It is my favorite breed of horses. Brumby's. I learned to like them from watching The man from Snowy river!


----------



## RegalCharm (Jul 24, 2008)

*Gender:* Masculine *Usage:* Scottish, English *Pronounced:* KEN-ith [key] 


Anglicized form of both *COINNEACH* and *CINÁED*. This name was borne by the Scottish king Kenneth (Cináed) mac Alpin, who united the Scots and Picts in the 9th century. It was popularized outside of Scotland by Sir Walter Scott, who used it for the hero in his novel 'The Talisman' (1825). A famous bearer was the British novelist Kenneth Grahame (1859-1932), who wrote 'The Wind in the Willows'.


----------



## my2geldings (Feb 18, 2008)

Well when I first joined I had 2 geldings. I now have a mare AND a gelding so my name doesn't quite work but that's ok. My mare's big enough to pass for a gelding :lol:


----------



## Britt (Apr 15, 2008)

My username's just a shortening of my real name Brittany... Brittany means 'From Britain'... very dull if you ask me...


----------



## Salty_alydaR (Mar 24, 2008)

hmm..well, my username is Charmer's show name, which was his racing name.

and Victoria means victory in some language..i think its swedish..idk i forgot:lol:


----------



## ilovemyhorsies (Mar 9, 2008)

GeminiJumper said:


> i don't know what Amber means...but that's my name!

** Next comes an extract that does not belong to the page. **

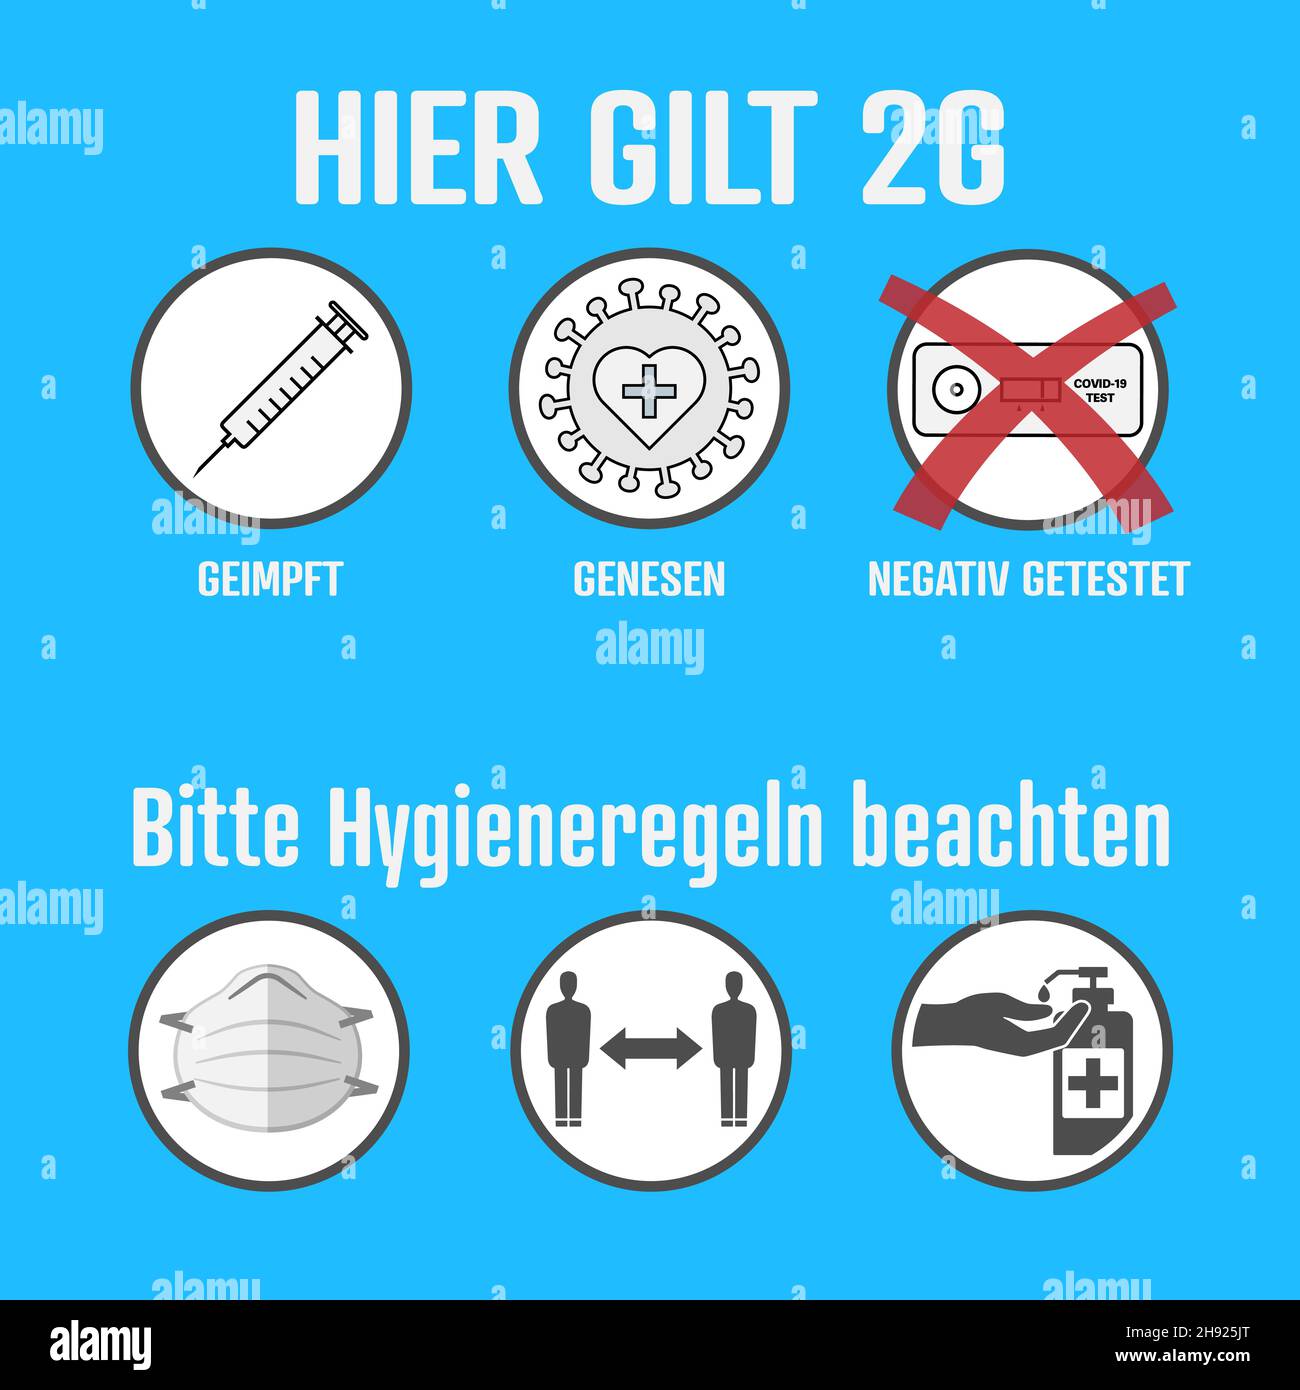 Covid-19 2G règles et mesures d'hygiène signent en allemand, accès seulement pour les personnes vaccinées (GEIMPFT) et récupérées (GENESEN), vecteur Illustration de Vecteur

*Amber - Female Name**Name Meaning:*
Muslim female name meaning "amber, brownish-yellow," or "jewel." ...*Origin:* *African*


----------



## ilovemyhorsies (Mar 9, 2008)

*Name: *Caitlin 
*Meaning:* Pure
*Origin:* Greek


----------



## TwendeHaraka (Oct 5, 2008)

My user name is my horse's name, which means "Run Fast..."

He used to be a racehorse.


----------